Wednesday, November 5, 2014

An Asperger Conversation in the Oddest of Places

I made the trip to Vancouver yesterday and each and every time I travel internationally I fear the point where the passport is inspected. It wasn't bad when I traveled internationally at first because I was always with my dad and I didn't have to do the talking, but this being my fourth trip abroad (does Canada count as "abroad"? I did go to Latvia and there very much qualifies, but is abroad meaning country or ocean?) I've become a bit confident in my speaking skills in those situations to not arouse suspicion. 

We landed in Vancouver and for the first time, I think, in all my flights this year I had a 100% uneventful and nothing of any worthiness to note. Thank goodness! Anyway, the cattle herding process began and we went left then right then left and down an escalator to the passport control area where my anxiety began to rise as I'm always sure I am going to say the wrong thing.
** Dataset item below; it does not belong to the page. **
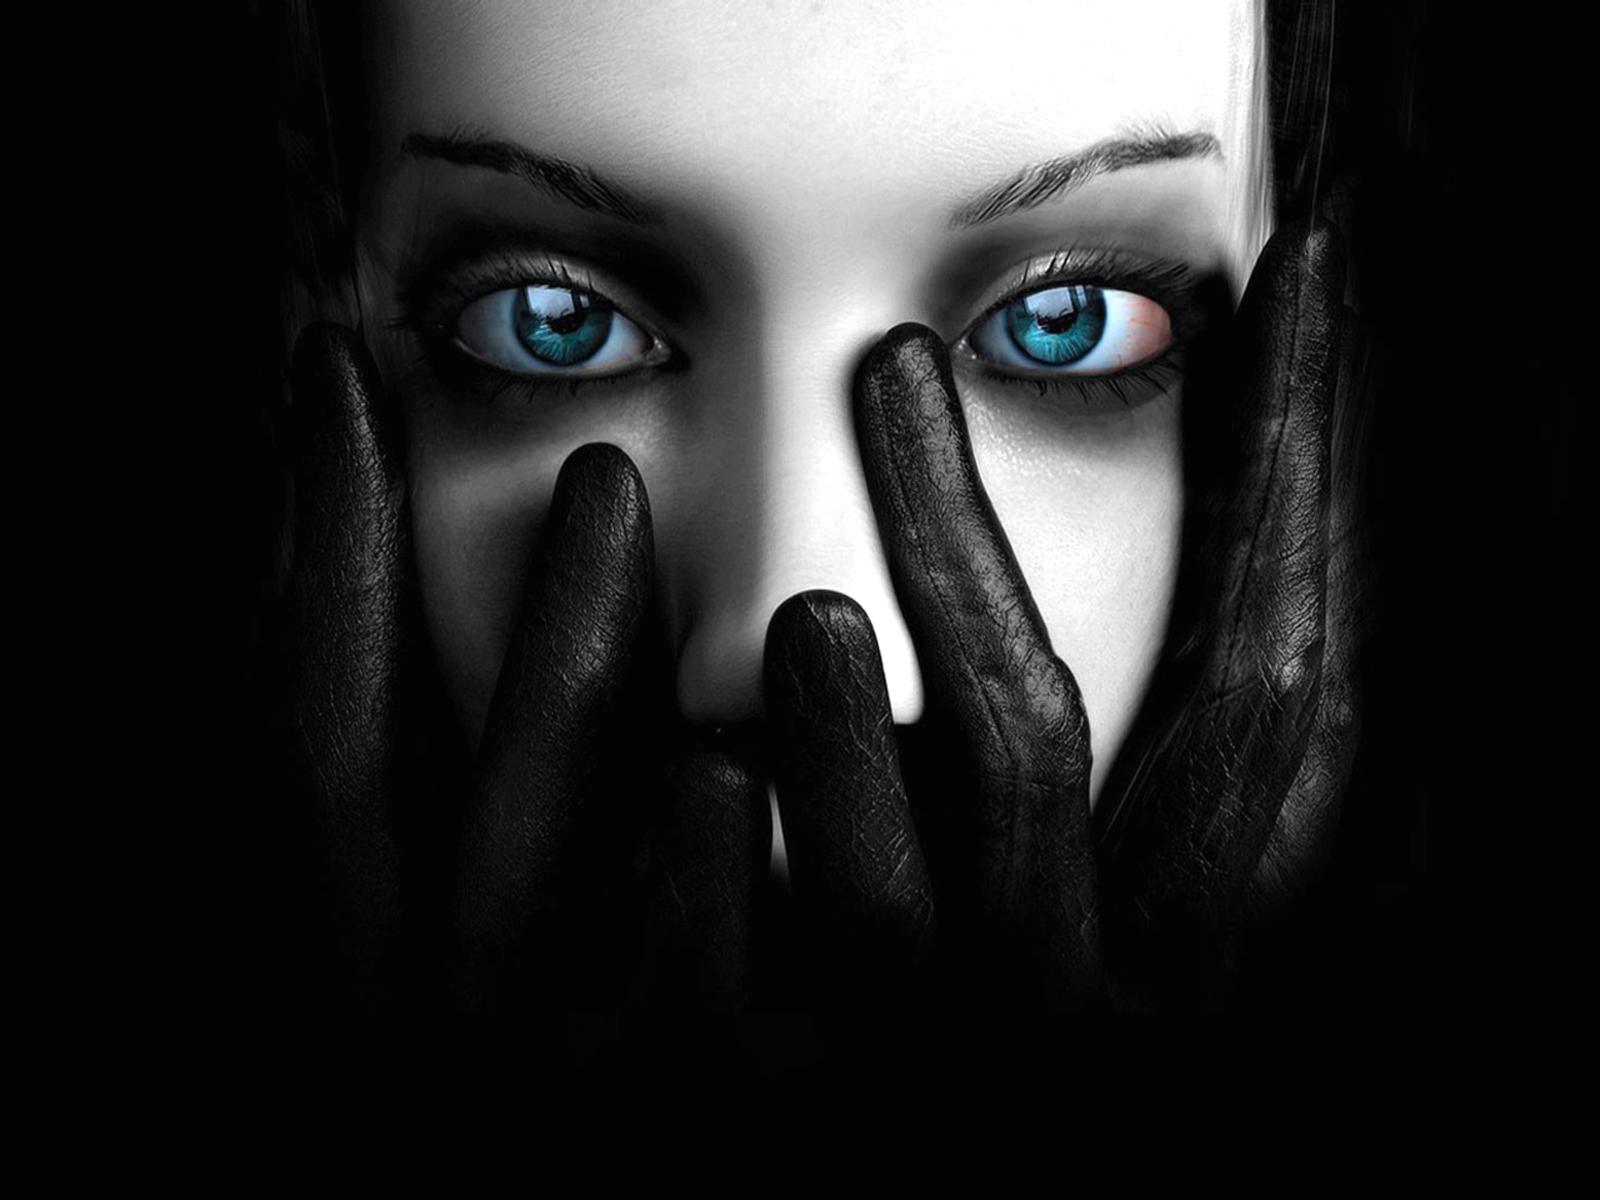 девушка, вампирша, синие глаза, скачать фото, обои для рабочего стола
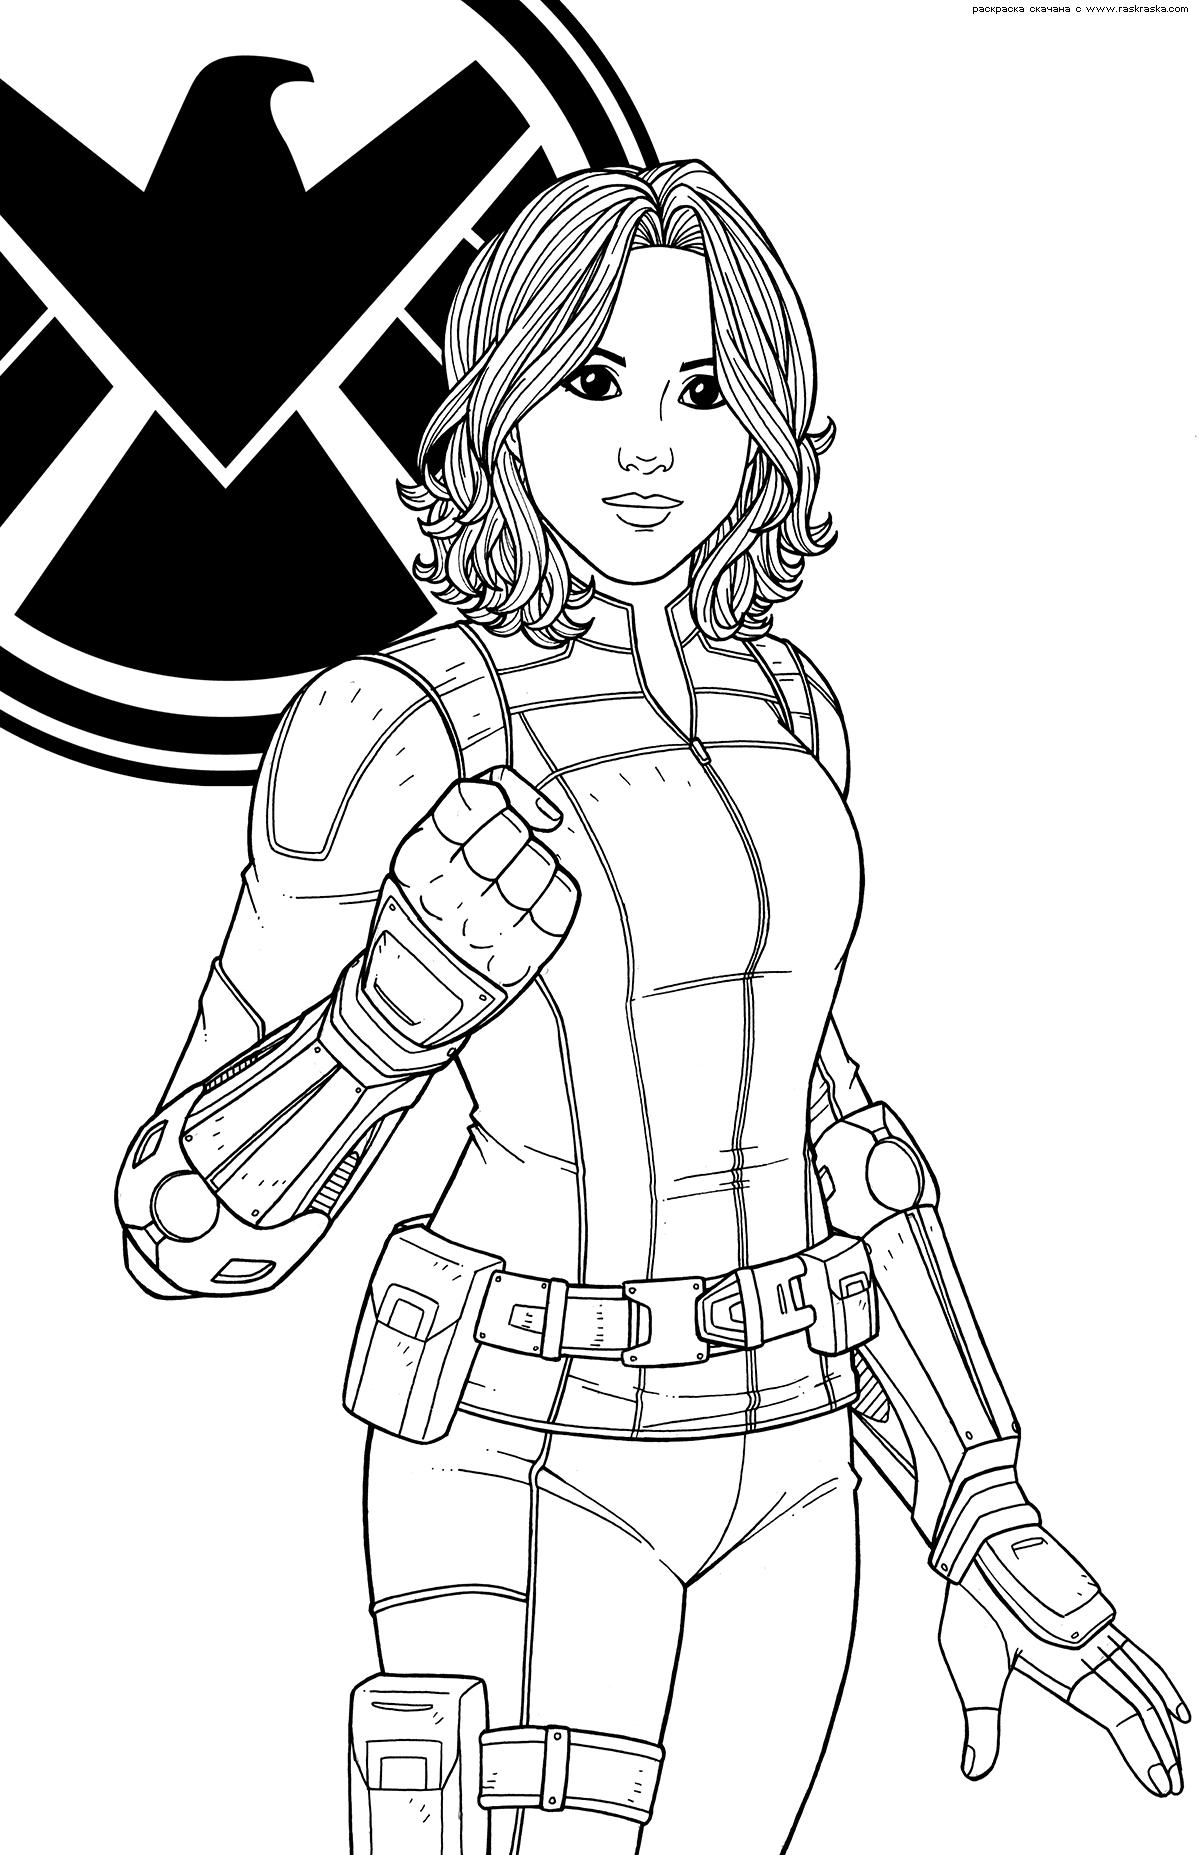 Раскраска Агент Щ.И.Т. Дейзи Джонсон. Раскраска Персонаж комиксов  супергероиня «Marvel Comics», гениальный хакер, Скай

Coming back from Latvia in 2008 I learned border checkpoint people don't appreciate anything remotely considered a joke. There was a question, "how much money are you carrying?" and I responded, because the normal question is, "are you carrying over $10,000?" with, "less than $10,000." To which then after I was required to say the exact amount I was carrying which I had to count and he watched me count all $17 in $1's. I didn't want a repeat of this story!

It became my turn to approach the podium and the questions stated off all about Ebola. There were about a dozen different questions on this the the question was, "what line of work are you in?" and if you ever want to see a perplexed look you should see a reaction when I say, "Autism ambassador and also an author." It's certainly not your run of the mill job and obviously this opens up a whole host of questions and it did so she asked, "what's that?"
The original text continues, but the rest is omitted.